(YOUR ASSIGNMENT) From the data that follows, print exactly the lines starting at the one containing "kwmobile Tastatur-Hülle kompatibel" and ending at the one containing "Ferrari Ferrari sunglasses"; include both of them and nothing more.

START GIVEN INFORMATION

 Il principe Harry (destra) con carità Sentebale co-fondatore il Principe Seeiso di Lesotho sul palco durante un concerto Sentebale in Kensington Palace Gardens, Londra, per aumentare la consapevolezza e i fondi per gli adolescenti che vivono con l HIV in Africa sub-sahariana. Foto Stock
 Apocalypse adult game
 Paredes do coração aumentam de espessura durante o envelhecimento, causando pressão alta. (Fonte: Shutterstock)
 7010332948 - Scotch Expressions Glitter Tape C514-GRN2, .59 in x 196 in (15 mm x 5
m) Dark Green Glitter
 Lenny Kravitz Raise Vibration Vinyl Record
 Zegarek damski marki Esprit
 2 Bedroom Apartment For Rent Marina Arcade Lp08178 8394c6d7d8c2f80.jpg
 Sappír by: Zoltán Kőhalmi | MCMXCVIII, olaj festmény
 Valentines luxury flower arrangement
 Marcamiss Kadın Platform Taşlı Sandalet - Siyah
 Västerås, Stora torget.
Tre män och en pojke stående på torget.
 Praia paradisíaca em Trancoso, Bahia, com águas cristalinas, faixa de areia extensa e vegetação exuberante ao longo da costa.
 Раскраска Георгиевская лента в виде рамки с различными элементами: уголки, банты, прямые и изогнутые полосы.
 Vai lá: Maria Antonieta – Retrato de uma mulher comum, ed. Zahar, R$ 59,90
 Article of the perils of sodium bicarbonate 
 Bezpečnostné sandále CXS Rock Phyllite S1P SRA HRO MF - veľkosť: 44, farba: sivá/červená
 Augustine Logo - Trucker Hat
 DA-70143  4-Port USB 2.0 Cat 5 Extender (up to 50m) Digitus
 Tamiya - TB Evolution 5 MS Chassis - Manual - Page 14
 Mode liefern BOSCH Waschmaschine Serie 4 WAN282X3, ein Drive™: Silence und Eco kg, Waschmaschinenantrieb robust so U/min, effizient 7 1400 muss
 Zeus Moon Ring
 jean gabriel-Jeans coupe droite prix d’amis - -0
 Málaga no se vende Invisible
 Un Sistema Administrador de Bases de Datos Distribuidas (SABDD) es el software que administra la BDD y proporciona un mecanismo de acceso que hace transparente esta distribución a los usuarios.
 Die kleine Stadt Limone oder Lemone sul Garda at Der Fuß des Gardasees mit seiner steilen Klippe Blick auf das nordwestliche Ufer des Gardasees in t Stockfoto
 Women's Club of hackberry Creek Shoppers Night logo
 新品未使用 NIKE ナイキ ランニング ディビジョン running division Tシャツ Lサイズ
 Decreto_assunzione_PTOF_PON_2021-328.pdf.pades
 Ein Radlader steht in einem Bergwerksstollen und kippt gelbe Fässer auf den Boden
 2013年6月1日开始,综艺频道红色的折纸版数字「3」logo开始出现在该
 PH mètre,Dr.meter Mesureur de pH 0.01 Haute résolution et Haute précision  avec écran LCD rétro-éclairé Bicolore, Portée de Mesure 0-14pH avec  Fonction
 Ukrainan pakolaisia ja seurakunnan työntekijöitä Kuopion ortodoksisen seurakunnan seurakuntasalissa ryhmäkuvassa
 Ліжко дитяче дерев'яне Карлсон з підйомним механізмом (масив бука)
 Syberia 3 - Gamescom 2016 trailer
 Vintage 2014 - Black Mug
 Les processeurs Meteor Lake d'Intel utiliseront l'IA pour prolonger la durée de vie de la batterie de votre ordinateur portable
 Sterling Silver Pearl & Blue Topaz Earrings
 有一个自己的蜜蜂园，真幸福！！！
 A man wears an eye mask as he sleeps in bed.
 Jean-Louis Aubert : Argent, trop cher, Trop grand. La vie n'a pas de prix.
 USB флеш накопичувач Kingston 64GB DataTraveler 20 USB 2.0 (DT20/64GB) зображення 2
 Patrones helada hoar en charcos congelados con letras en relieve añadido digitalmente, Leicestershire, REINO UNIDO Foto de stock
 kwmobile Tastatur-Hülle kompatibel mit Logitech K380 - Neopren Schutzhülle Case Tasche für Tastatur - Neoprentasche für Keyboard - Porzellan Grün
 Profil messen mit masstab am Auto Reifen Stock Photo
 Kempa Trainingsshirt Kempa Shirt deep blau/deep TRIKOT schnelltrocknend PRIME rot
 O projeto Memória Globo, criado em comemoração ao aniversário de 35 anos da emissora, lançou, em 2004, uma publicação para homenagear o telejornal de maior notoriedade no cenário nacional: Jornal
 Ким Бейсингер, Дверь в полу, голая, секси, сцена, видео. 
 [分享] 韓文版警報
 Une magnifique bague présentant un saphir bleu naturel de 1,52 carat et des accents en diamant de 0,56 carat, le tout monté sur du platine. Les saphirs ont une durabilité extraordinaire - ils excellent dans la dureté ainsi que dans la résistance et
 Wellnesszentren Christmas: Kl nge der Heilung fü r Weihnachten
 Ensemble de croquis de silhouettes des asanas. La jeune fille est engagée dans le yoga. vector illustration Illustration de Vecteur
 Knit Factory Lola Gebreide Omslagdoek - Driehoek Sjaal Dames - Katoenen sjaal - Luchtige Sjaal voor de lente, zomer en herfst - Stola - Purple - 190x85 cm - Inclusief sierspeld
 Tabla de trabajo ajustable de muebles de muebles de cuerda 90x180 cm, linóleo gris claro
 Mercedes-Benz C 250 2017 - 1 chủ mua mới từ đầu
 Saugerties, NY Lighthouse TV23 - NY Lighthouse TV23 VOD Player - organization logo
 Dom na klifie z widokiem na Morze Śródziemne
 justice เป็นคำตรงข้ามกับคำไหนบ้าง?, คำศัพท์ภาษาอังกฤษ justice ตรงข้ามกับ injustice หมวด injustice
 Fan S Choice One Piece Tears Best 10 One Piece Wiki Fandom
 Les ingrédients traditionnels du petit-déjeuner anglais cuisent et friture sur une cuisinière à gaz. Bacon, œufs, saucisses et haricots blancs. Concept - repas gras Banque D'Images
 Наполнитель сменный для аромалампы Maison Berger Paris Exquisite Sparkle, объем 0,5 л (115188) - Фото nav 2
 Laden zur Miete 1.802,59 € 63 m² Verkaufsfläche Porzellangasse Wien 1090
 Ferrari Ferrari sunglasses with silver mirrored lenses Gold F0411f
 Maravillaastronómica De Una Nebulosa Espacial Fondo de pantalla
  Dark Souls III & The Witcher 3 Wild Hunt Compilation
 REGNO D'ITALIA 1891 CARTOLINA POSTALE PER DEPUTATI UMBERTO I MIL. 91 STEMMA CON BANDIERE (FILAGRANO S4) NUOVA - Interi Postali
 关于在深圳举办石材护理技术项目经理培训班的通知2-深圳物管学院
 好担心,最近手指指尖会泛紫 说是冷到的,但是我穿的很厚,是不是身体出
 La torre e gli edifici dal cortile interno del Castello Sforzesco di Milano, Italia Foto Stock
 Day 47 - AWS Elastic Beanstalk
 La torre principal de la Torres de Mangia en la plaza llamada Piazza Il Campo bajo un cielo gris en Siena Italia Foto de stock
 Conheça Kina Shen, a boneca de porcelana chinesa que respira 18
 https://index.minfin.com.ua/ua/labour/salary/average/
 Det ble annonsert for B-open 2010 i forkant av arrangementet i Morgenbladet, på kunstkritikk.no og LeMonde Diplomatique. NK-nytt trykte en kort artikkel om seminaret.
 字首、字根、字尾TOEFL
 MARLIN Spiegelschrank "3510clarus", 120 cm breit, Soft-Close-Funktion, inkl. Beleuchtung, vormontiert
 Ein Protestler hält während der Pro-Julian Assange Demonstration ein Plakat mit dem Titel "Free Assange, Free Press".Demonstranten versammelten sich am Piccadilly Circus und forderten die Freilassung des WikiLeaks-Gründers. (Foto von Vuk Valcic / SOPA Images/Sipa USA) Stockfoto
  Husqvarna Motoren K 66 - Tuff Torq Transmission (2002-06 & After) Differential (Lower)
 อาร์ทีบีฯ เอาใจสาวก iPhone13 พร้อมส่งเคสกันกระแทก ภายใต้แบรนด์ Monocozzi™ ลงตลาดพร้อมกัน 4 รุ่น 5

END GIVEN INFORMATION

(REPLY)
 kwmobile Tastatur-Hülle kompatibel mit Logitech K380 - Neopren Schutzhülle Case Tasche für Tastatur - Neoprentasche für Keyboard - Porzellan Grün
 Profil messen mit masstab am Auto Reifen Stock Photo
 Kempa Trainingsshirt Kempa Shirt deep blau/deep TRIKOT schnelltrocknend PRIME rot
 O projeto Memória Globo, criado em comemoração ao aniversário de 35 anos da emissora, lançou, em 2004, uma publicação para homenagear o telejornal de maior notoriedade no cenário nacional: Jornal
 Ким Бейсингер, Дверь в полу, голая, секси, сцена, видео. 
 [分享] 韓文版警報
 Une magnifique bague présentant un saphir bleu naturel de 1,52 carat et des accents en diamant de 0,56 carat, le tout monté sur du platine. Les saphirs ont une durabilité extraordinaire - ils excellent dans la dureté ainsi que dans la résistance et
 Wellnesszentren Christmas: Kl nge der Heilung fü r Weihnachten
 Ensemble de croquis de silhouettes des asanas. La jeune fille est engagée dans le yoga. vector illustration Illustration de Vecteur
 Knit Factory Lola Gebreide Omslagdoek - Driehoek Sjaal Dames - Katoenen sjaal - Luchtige Sjaal voor de lente, zomer en herfst - Stola - Purple - 190x85 cm - Inclusief sierspeld
 Tabla de trabajo ajustable de muebles de muebles de cuerda 90x180 cm, linóleo gris claro
 Mercedes-Benz C 250 2017 - 1 chủ mua mới từ đầu
 Saugerties, NY Lighthouse TV23 - NY Lighthouse TV23 VOD Player - organization logo
 Dom na klifie z widokiem na Morze Śródziemne
 justice เป็นคำตรงข้ามกับคำไหนบ้าง?, คำศัพท์ภาษาอังกฤษ justice ตรงข้ามกับ injustice หมวด injustice
 Fan S Choice One Piece Tears Best 10 One Piece Wiki Fandom
 Les ingrédients traditionnels du petit-déjeuner anglais cuisent et friture sur une cuisinière à gaz. Bacon, œufs, saucisses et haricots blancs. Concept - repas gras Banque D'Images
 Наполнитель сменный для аромалампы Maison Berger Paris Exquisite Sparkle, объем 0,5 л (115188) - Фото nav 2
 Laden zur Miete 1.802,59 € 63 m² Verkaufsfläche Porzellangasse Wien 1090
 Ferrari Ferrari sunglasses with silver mirrored lenses Gold F0411f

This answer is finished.